And I got on that stationary bike in the physical therapy room of the hospital. The one that has teased and taunted me lo these many weeks. And I was spinning. Three hundred and sixty degrees, I followed the pedals around.
And it was glorious.
And then I walked around my neighborhood here in Ho Chi Minh City, Viet Nam. Without a crutch. Granted, they were short, slow steps, and my gate was wonky, and at times my right leg was a little wobbly, but I. fucking. walked.
And it was glorious.
As you may recall previously here on the Gecko’s Bark, I had been disillusioned, as I had been literally stuck at 100 degrees, in terms of my ability to bend my injured leg. But after a week of somewhat aggressive stretching — frequent and just to the point of pain and a wee bit beyond at times — today I could bend my leg 115 degrees.
And today I got on the stationary bike, and instead of rotating forward, and stopping when I couldn’t bend my leg any farther, and then rotating in the opposite direction until I reached the same point again — I’ve been stuck doing that for three weeks now — today, I sent those pedals through 360 degrees of rotation. I could feel the tightness in my knee, but it didn’t hurt.

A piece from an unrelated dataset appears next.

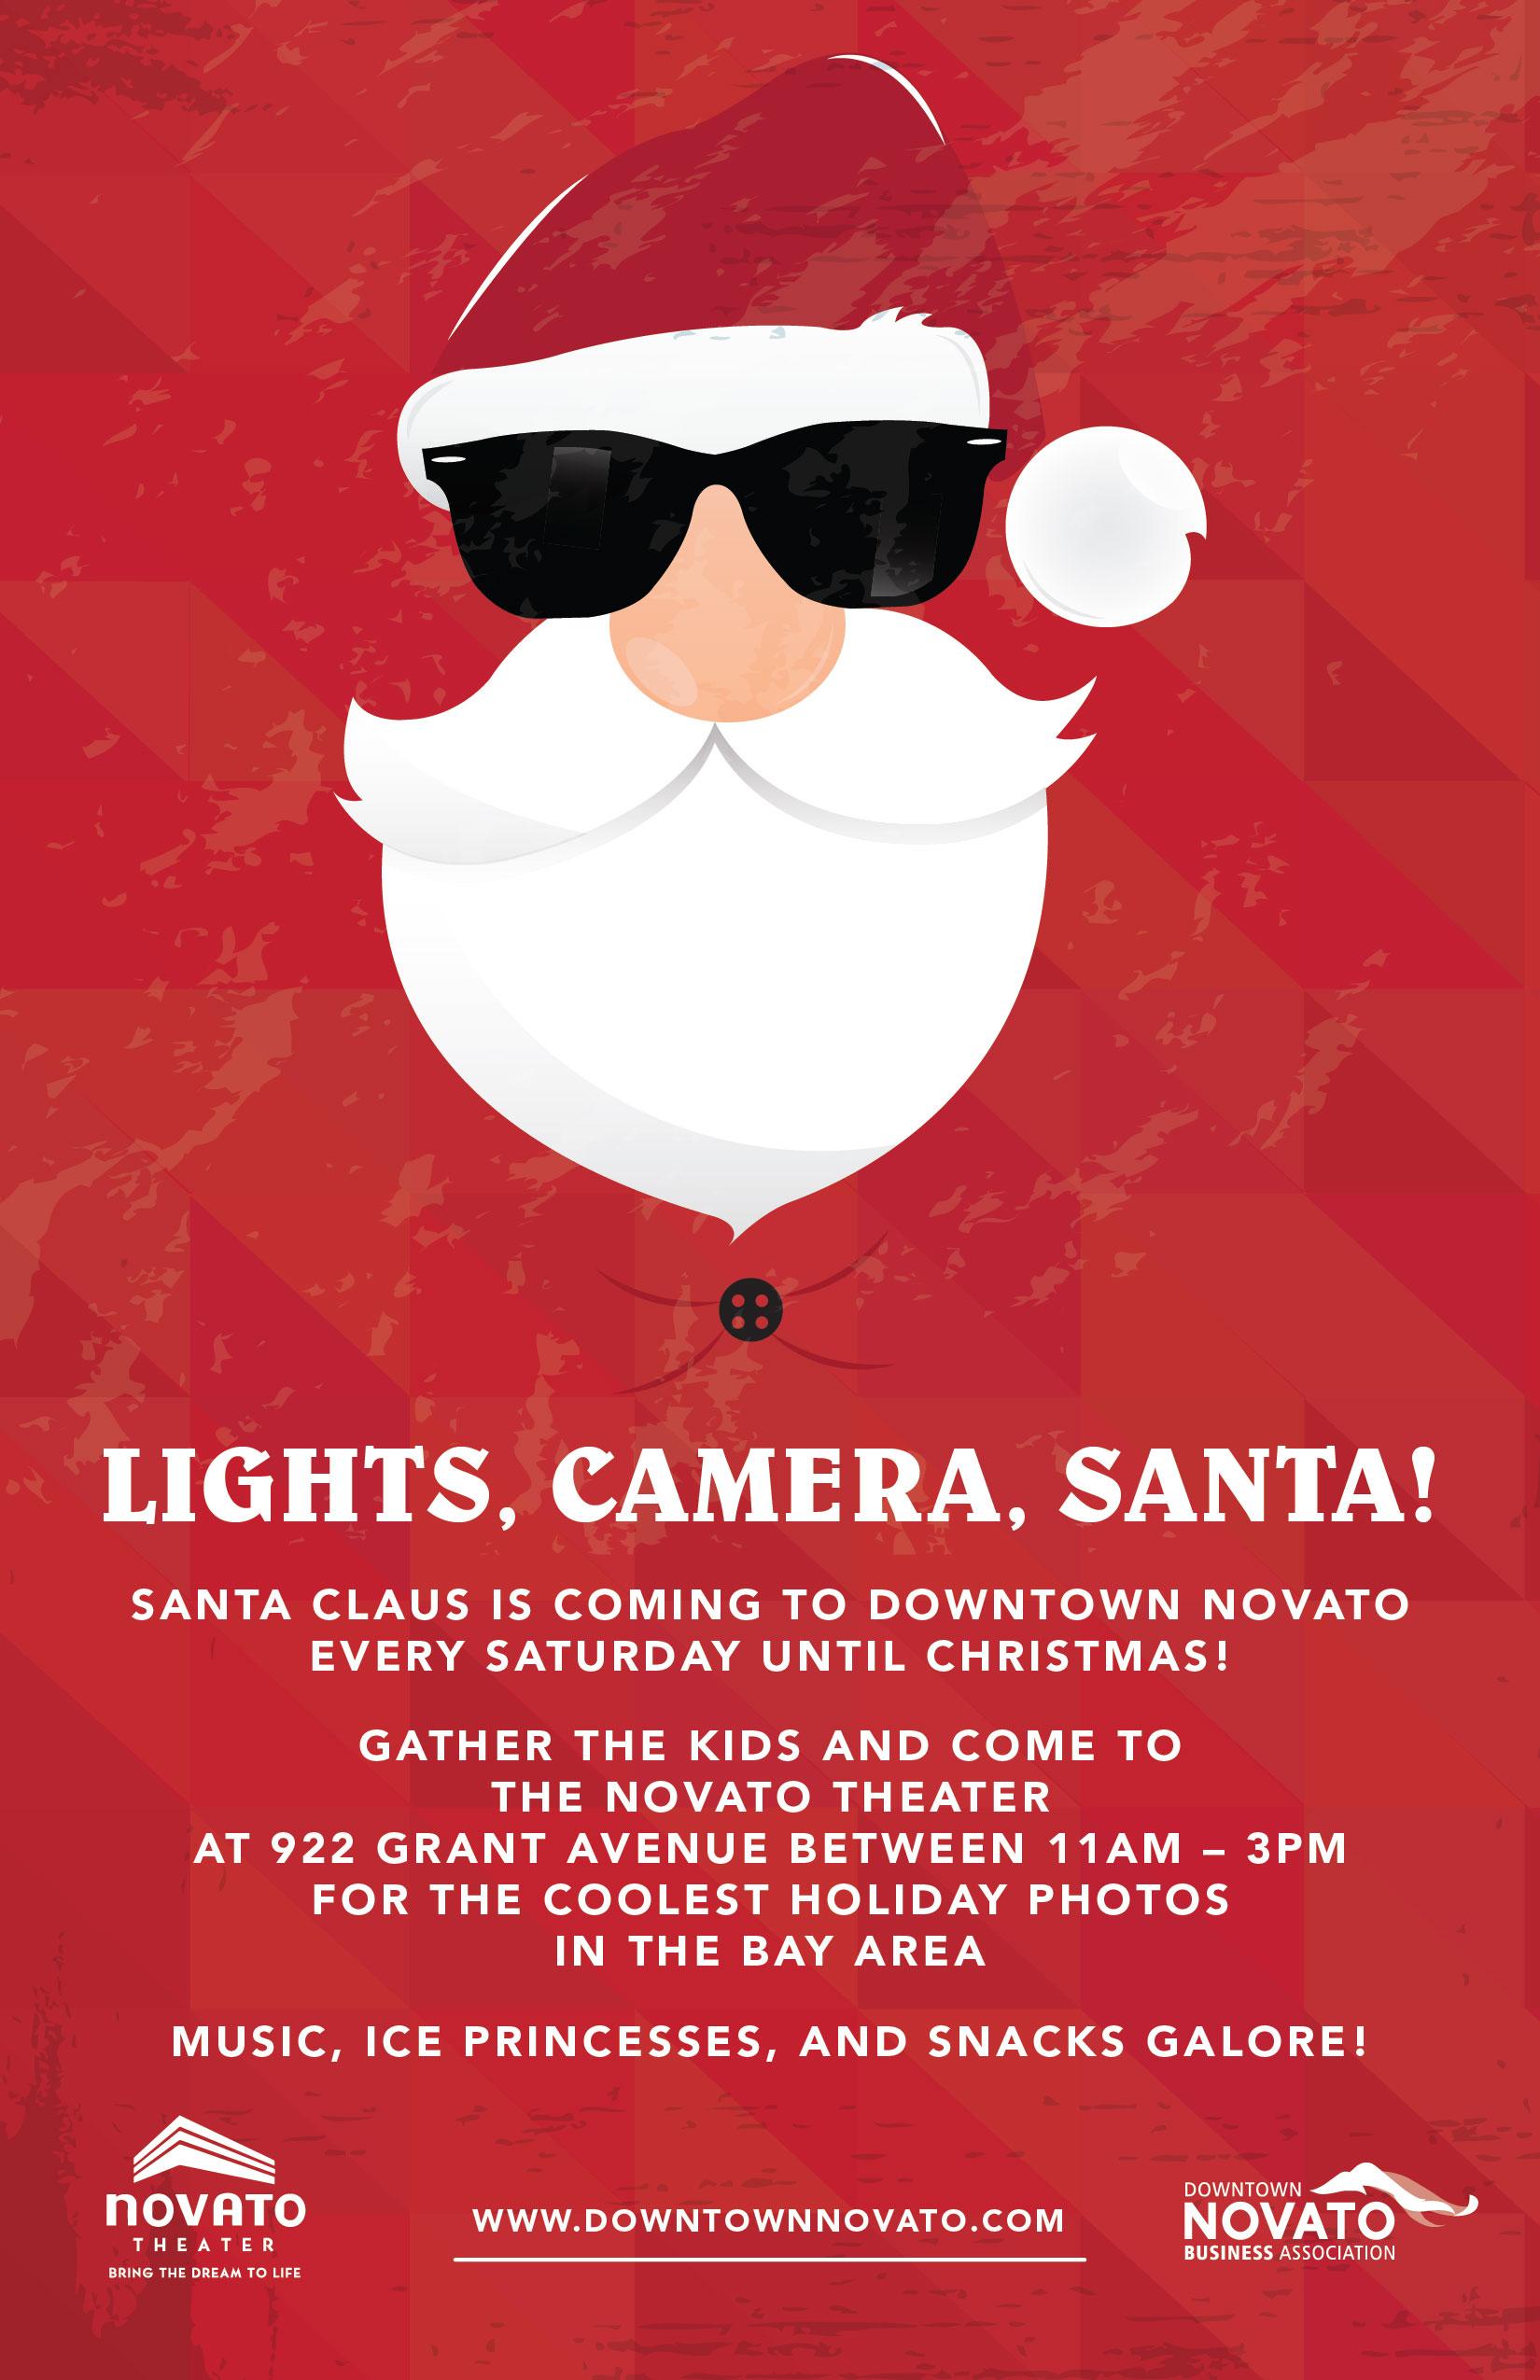 Lights, Camera, Santa!

It was bliss. Mistress Lien, my therapist, had to um, firmly insist that I step down after 15 minutes — and she kept insisting, firmly, that I wasn’t to spin faster than 25 kilometers an hour on the lowest setting of resistance.
And she also decided after doing a bunch of new exercises — oh, she was cruel mistress today, my physiotherapist — that my atrophied gam had recovered enough strength that I should begin walking around without the crutch. More than just around my apartment.
Outside. In the world. Walk. Around. Without a crutch.
It was scary. Like the first time you have sex is scary.
And I did.
Walk, that is. And my entire leg is tired and sore, my hip flexor, which has to pick up the majority of the slack by my weak-ass quadriceps and hamstring muscles, not to mention my abused calf muscle — well, let’s just say it’s a good thing my hip flexor can’t express itself in words. Because it would be cussing a blue streak that would make a drunk sailor blush.
As for the point of injury, it’s very sore and puffy … kinda like after the first time I had sex! *insert rim shot here*
But I walked. And I spun.
Stick it up your ass, Universe. Blow me, Fate. I can walk again.